• [What this task involves]: The expected output is an exact copy of each line from the line with "Smoked Lucite Dome" through the end of the data below, with no pictures in it.

• [Data segment]:
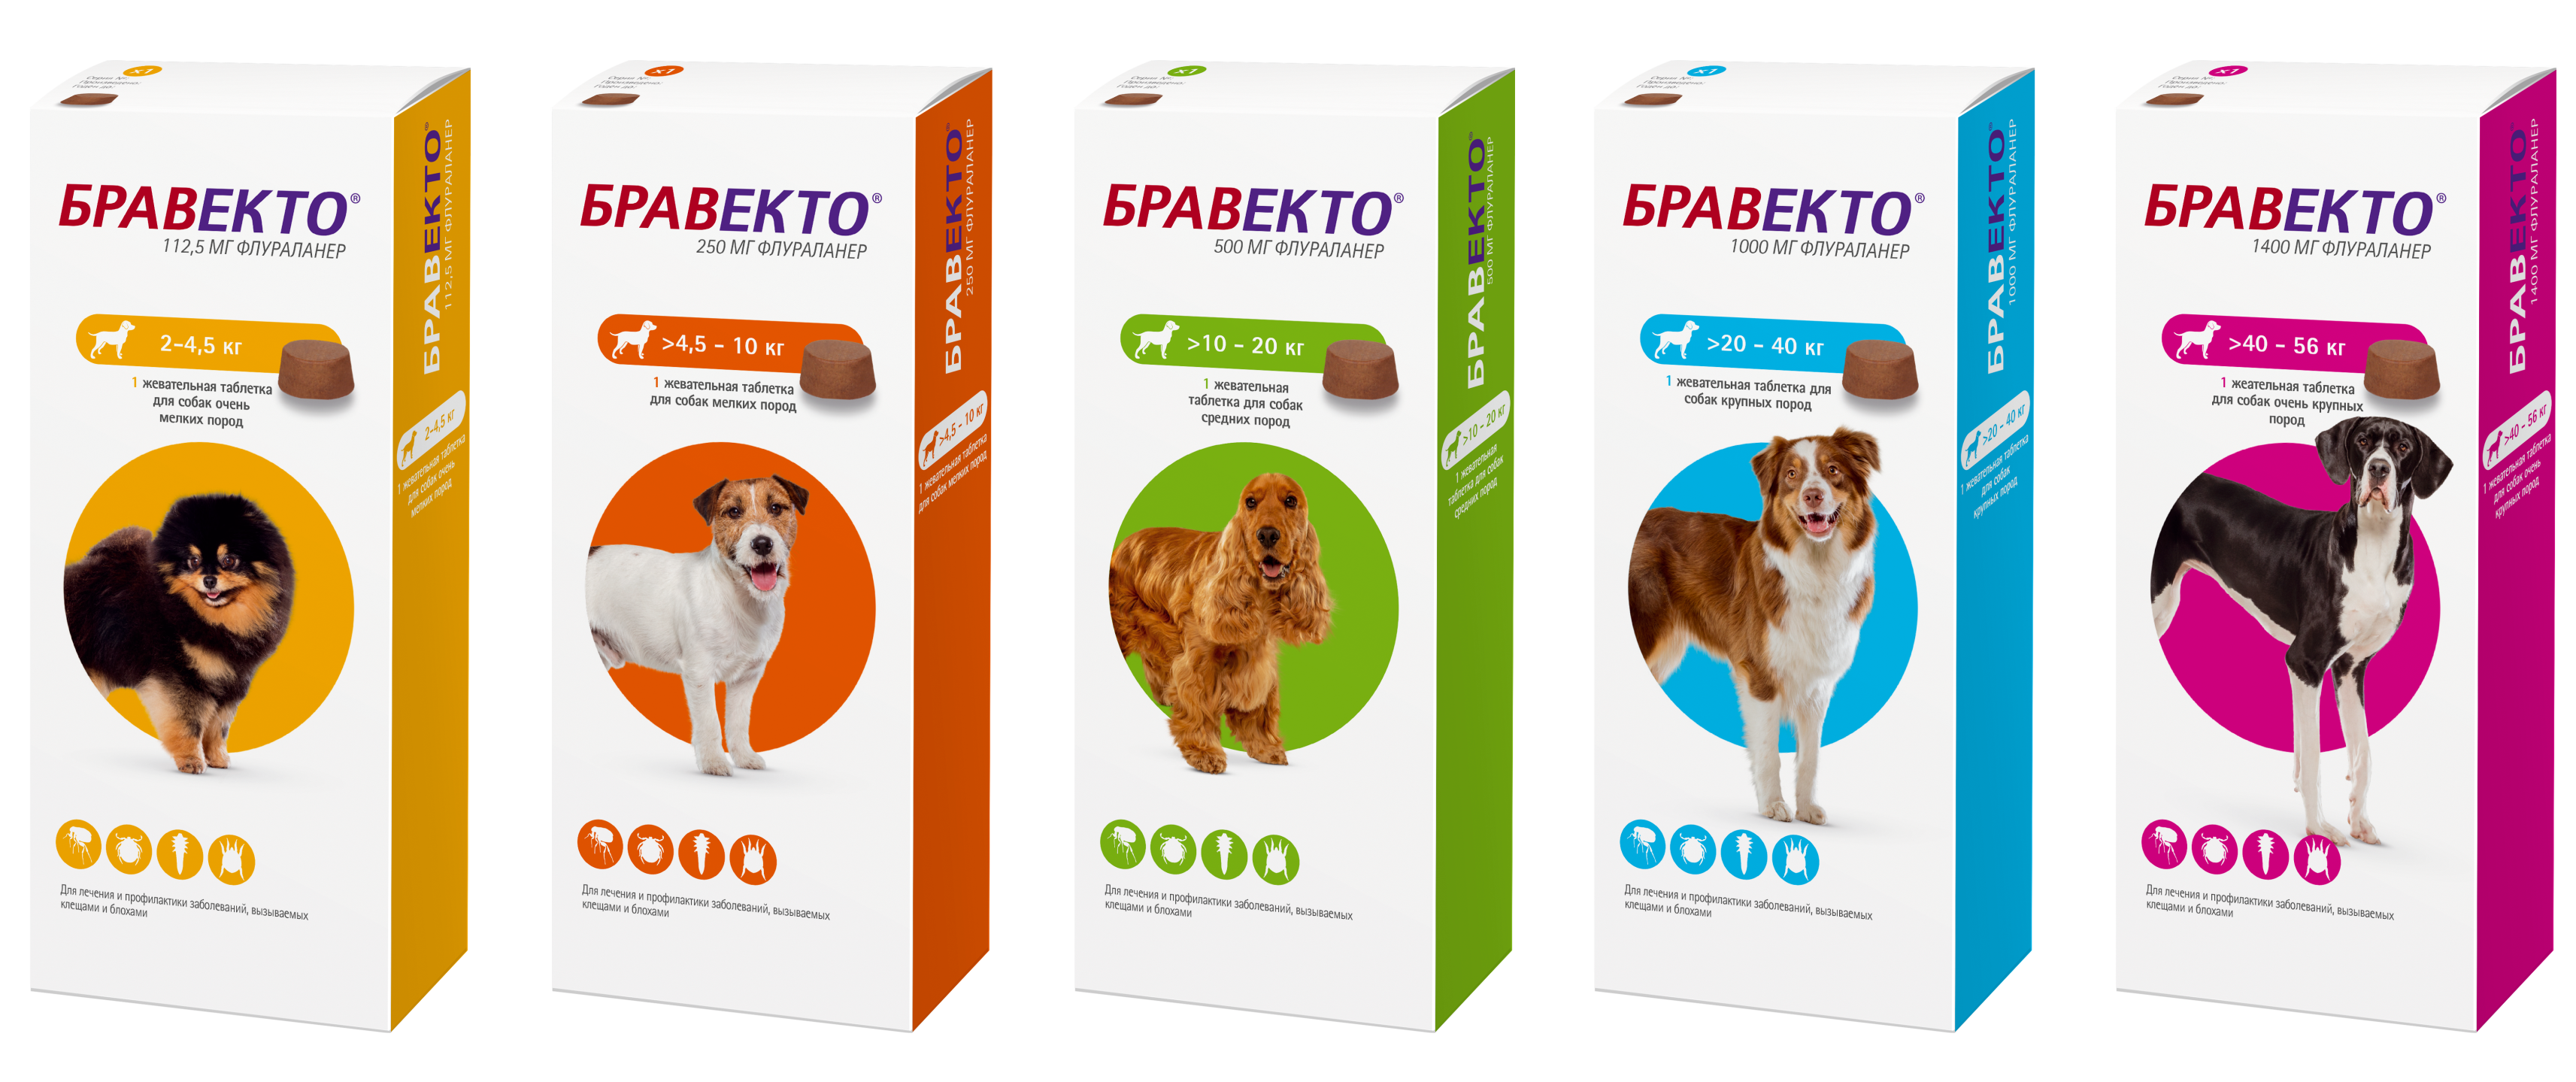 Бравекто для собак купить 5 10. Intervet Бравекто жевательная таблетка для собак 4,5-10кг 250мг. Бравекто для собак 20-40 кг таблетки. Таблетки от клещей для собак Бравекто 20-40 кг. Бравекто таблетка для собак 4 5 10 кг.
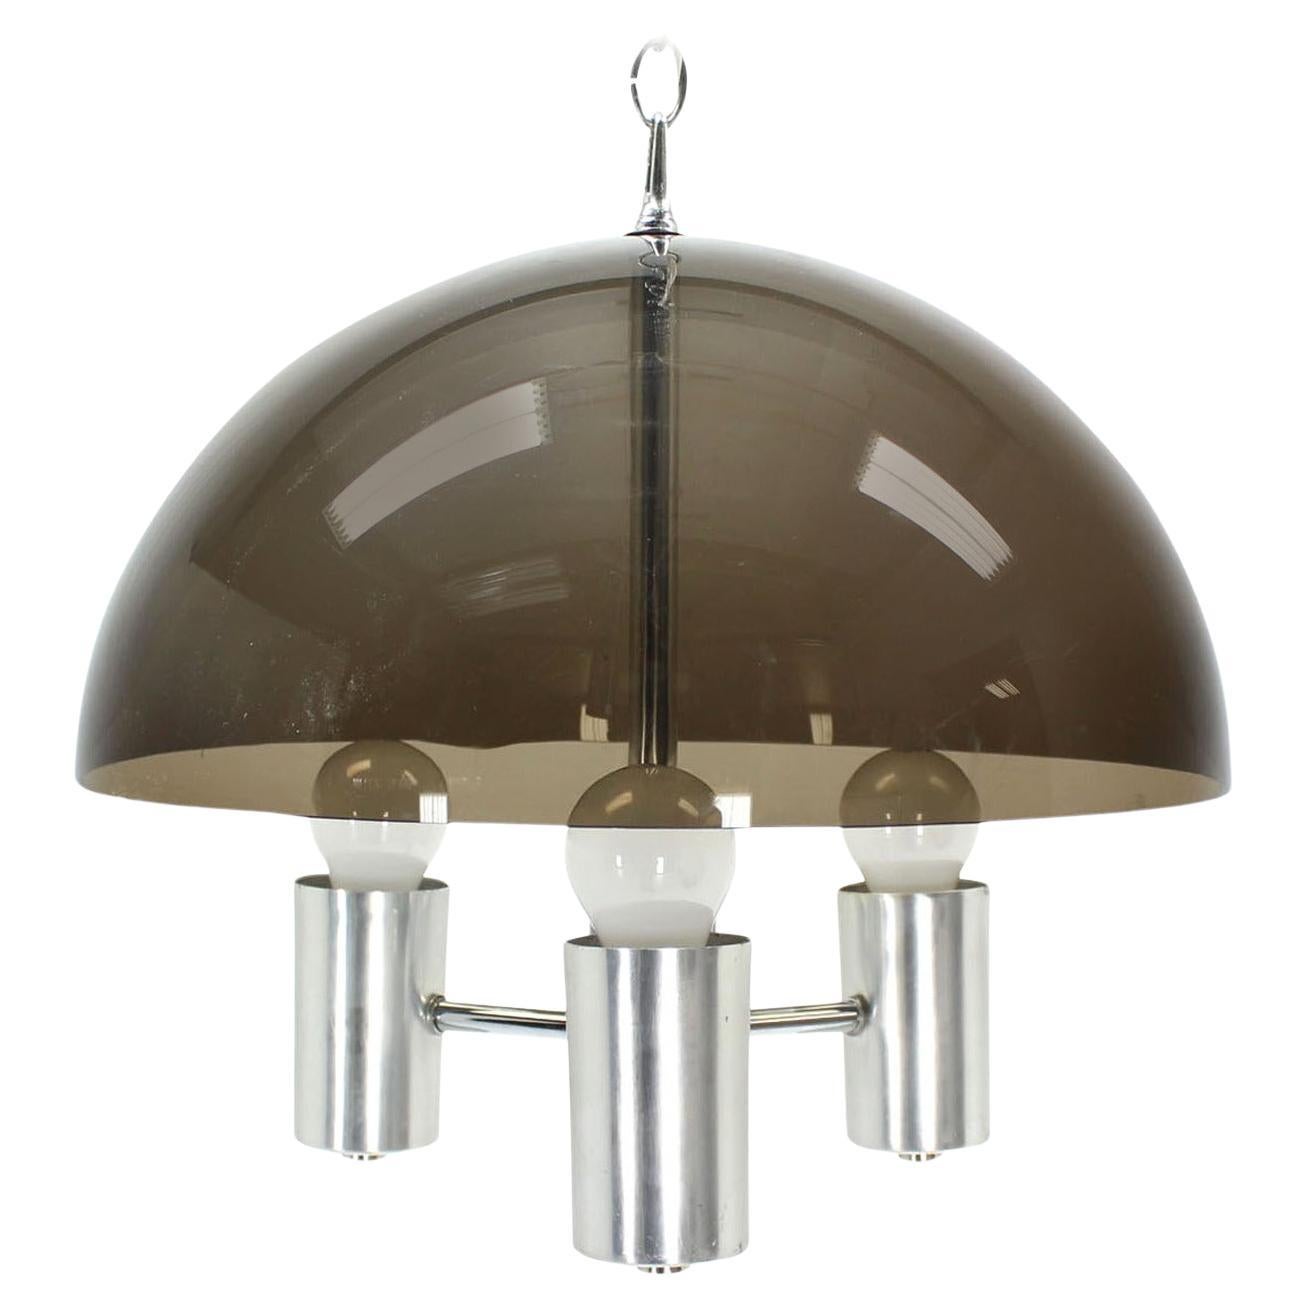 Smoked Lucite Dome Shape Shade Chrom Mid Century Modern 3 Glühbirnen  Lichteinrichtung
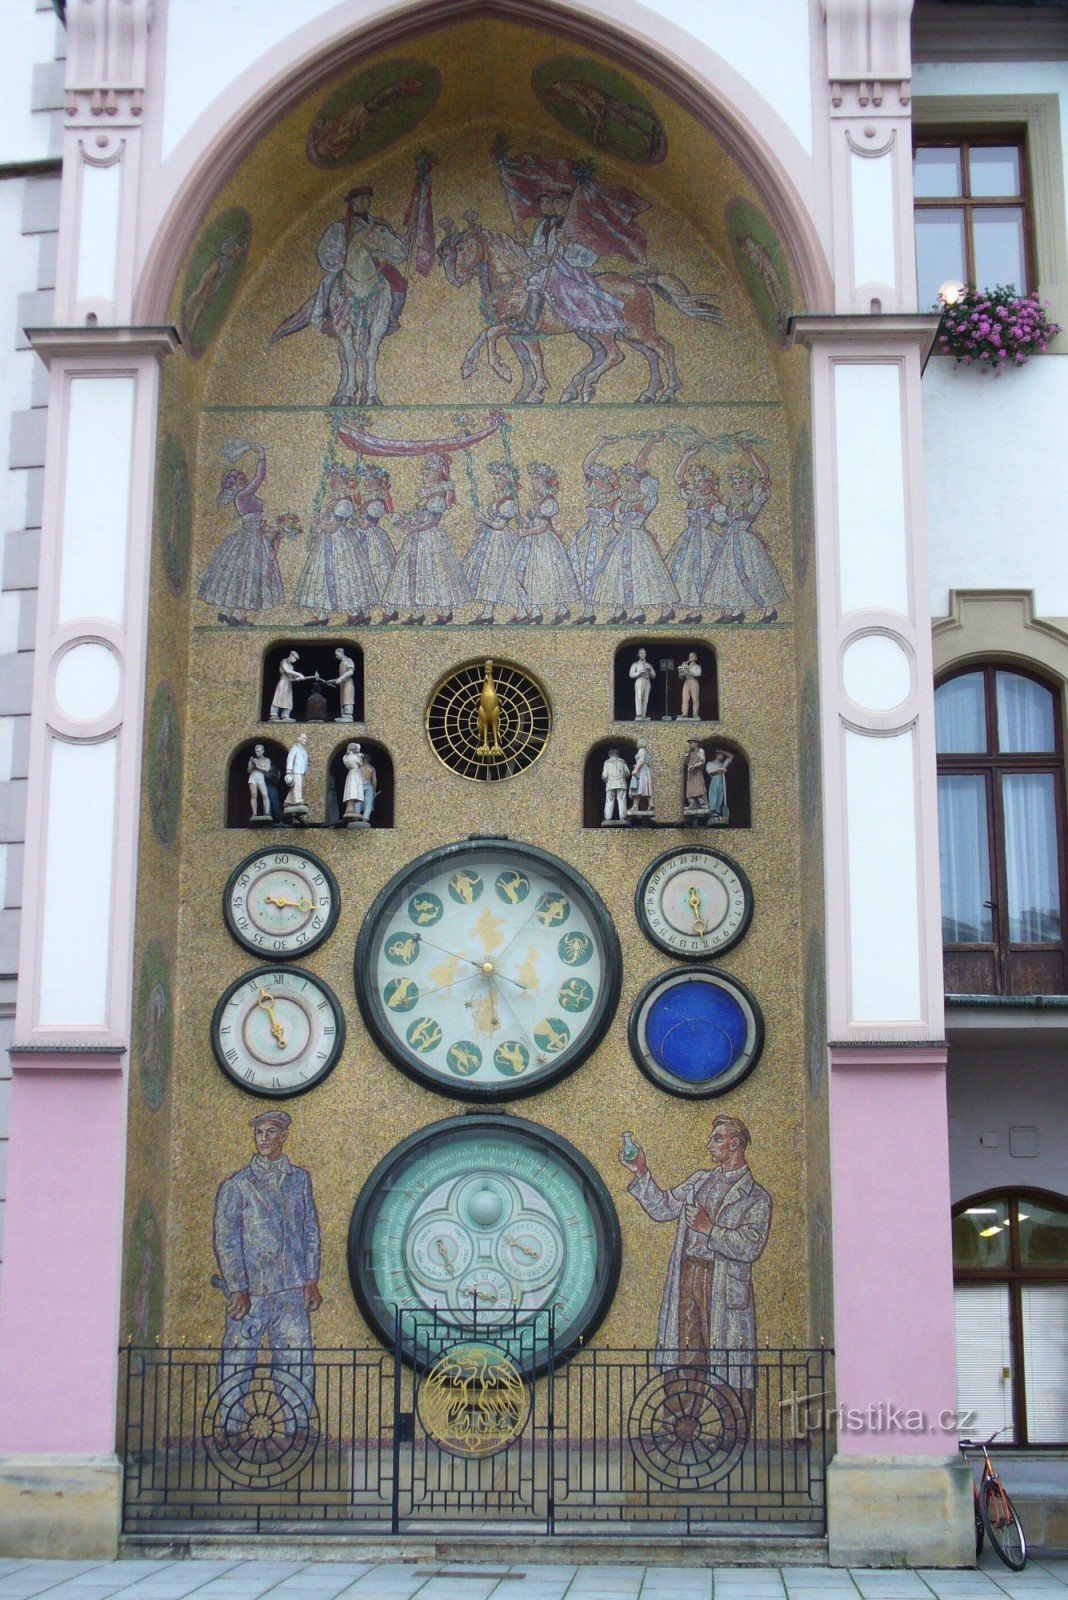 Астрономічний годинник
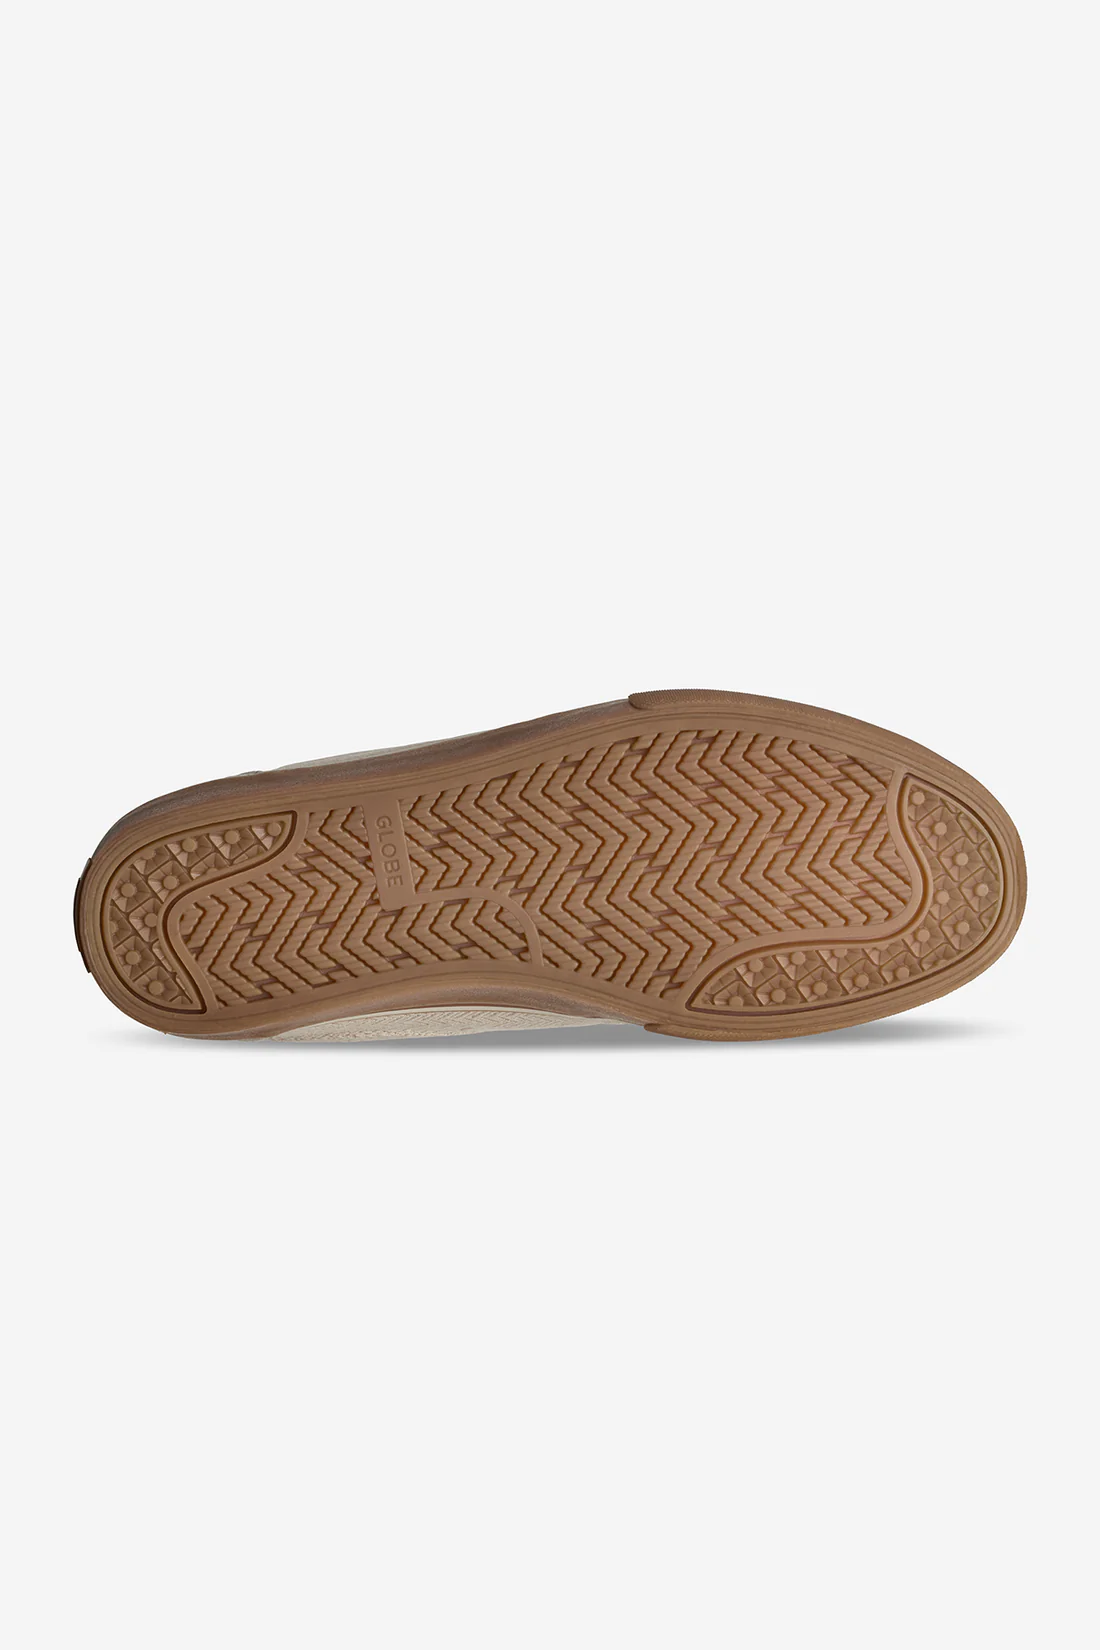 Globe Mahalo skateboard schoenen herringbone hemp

• [The answer]:
 Smoked Lucite Dome Shape Shade Chrom Mid Century Modern 3 Glühbirnen  Lichteinrichtung
 Астрономічний годинник
 Globe Mahalo skateboard schoenen herringbone hemp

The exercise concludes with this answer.